Sansho The Bailiff  Review – A Contemplative piece on Idealism & its Repercussions
“Without mercy, man is like a beast. Even if you are hard on yourself, be merciful to others. Men are created equal. Everyone is entitled to their happiness,” an ethical idealist governor shares this only treasure – an advise – with his son, Zushio – before he leaves his family behind for exile. Zushio might not fully realize the gravity of those words at such a tender age, but he carries it within himself as a token of blessing that shapes his entire life.
The only crime of the solicitous Governor is that he safeguarded the peasants from an inhuman military draft. He was an idealist, an individualist who believes in egalitarianism. The socio-political framework has never been accomodating of egalitarians as they systematically eliminated power, wealth and status. That’s exactly what deeply hurt feudal lords who run private slave camps and the governing body that thrives on it.
Kenji Mizoguchi’s “Sansho The Bailiff” is a profound reflection on humanity & mercy with an underlying piercing melancholy. It’s a surgical study of what social conscience does to society, and how intuitively oppressive body counters it with physical & psychological violence. Though there’s abundant melodrama, Mizoguchi doesn’t deceive his audience with a utopian victory of virtues, because when imperfect humans attempt perfectibility—personal, political, economic and social—they fail.
Kenji Mizoguchi’s melodrama – adapted from an epic folk tale and set in 11th-century feudal times – speaks to the modern world scarred by burgeoning capitalism and fascism. This is the world where obedience and sycophancy are rewarded in abundance. It has no place and respect for idealists and altruists, who are often silenced or rendered powerless. And there lies the reason for such an unusual choice of naming the film after its antagonist – Sansho, the bailiff.

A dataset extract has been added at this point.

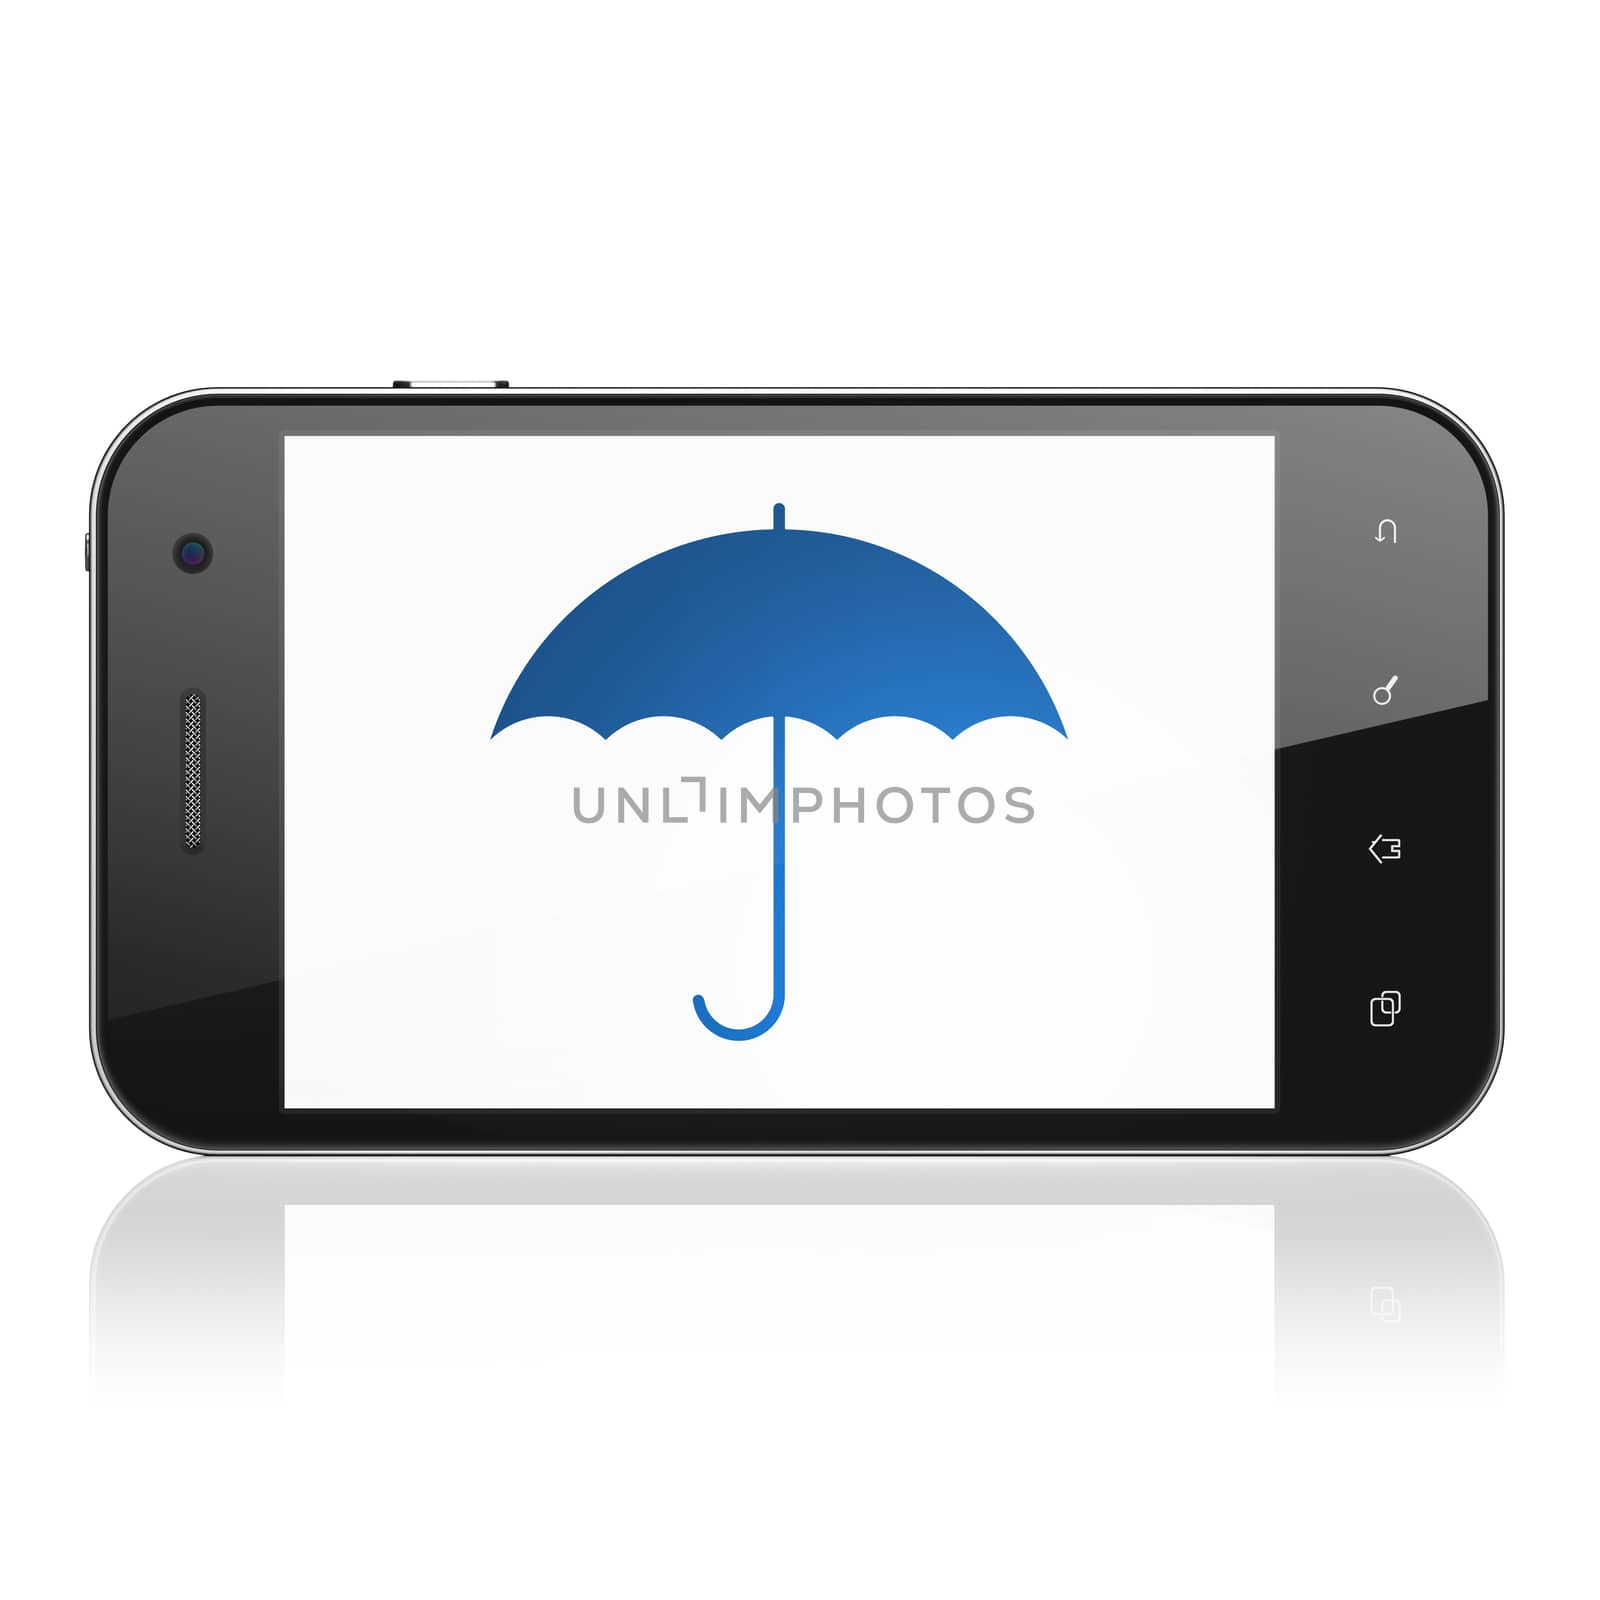 Protection concept: smartphone with Umbrella icon on display. Mobile smart phone on White background, cell phone 3d render

Sansho is stingy, malicious, and sycophantic, but he’s not a rare breed. He is far more common in the social hierarchy creating the unequal power distribution. He represents the section of the class, the pyramidion, who have consistently exploited everyone beneath them for power, domination and economic leverage. His barbarism leaves such a scar that even when he is ultimately defeated, it only bestows a partial triumph for our antihero, Zushio (Yoshiaki Hanayagi).
The film opens in a lush forest, where young Zushio curiously asks about his father to his mother on their way to find his now-exiled father. Along with his young sister, Anju, and their servant, they take this difficult expedition without foreseeing the obstacles that would change their life.
An old priestess tricks them in the garb of extending the helping hand. Governor’s wife, Tamaki, is sold into prostitution and children are sold into bondage to the notorious bailiff of a manorial estate. Their morals are put to test as the shackles of slavery leaves them to tackle substandard living conditions. Under such brutal oppression and suffering in rotten feudalistic set-up, Zushio’s morality wavers and he begins questioning the value of his father’s teaching. He turns into a sullen aide who willingly follows Sansho’s command to brand attempted escapees on the forehead—even if the victim is a 70-year-old man who has laboured for half a century and yearns only to die free. Even so, Anju continues believing in the idealist teaching of his father like gospel truth.
She becomes the vital component in upholding the beacon of ethical idealism within Sansho’s inferno. If not for her resilience and patience, Zushio might have identified with and idolised Sansho. That way Mizoguchi ensures that there’s still some good left in the society, not weakened by the iron fist. But such idealist stance comes with a cost and a terrible one. Anju had to sacrifice herself for the greater good that ultimately leads to the fall of Sansho.
The only minor hiccup in a rather painstakingly nuanced & well-written drama befalls after Zushio breaks free from Sansho’s manor. The subplot dealing with the fateful rise of Zushio as Governor, criminalising slavery in his territory and arresting Sansho, feels rushed, given how significant the event holds for Zushio’s character arc.
The thematic significance is beautifully achieved but the hastened narrative pacing of the subplot hardly justifies the diligent development of the first two-acts. Zushio’s decaying faith in his father’s teaching is felt in the bones, we partly empathize with him inclining to Sansho, but his restoration in idealism is hardly realised.
Sansho The Bailiff’s has one of the most heartbreaking climax scenes. Despite having witnessed the family reuniting after such aghast turn of events, separated for years, in several films, the demonstrative, unadulterated writing renders the novelty and makes it powerful and moving. As the end title appears on the screen, this is what we’re left to grapple with—a choice to cast our lot with either Sanshô’s materialist world or the impractical ethical idealism of Zushio’s father. We’ve seen that both roads can lead to unhappiness and exile.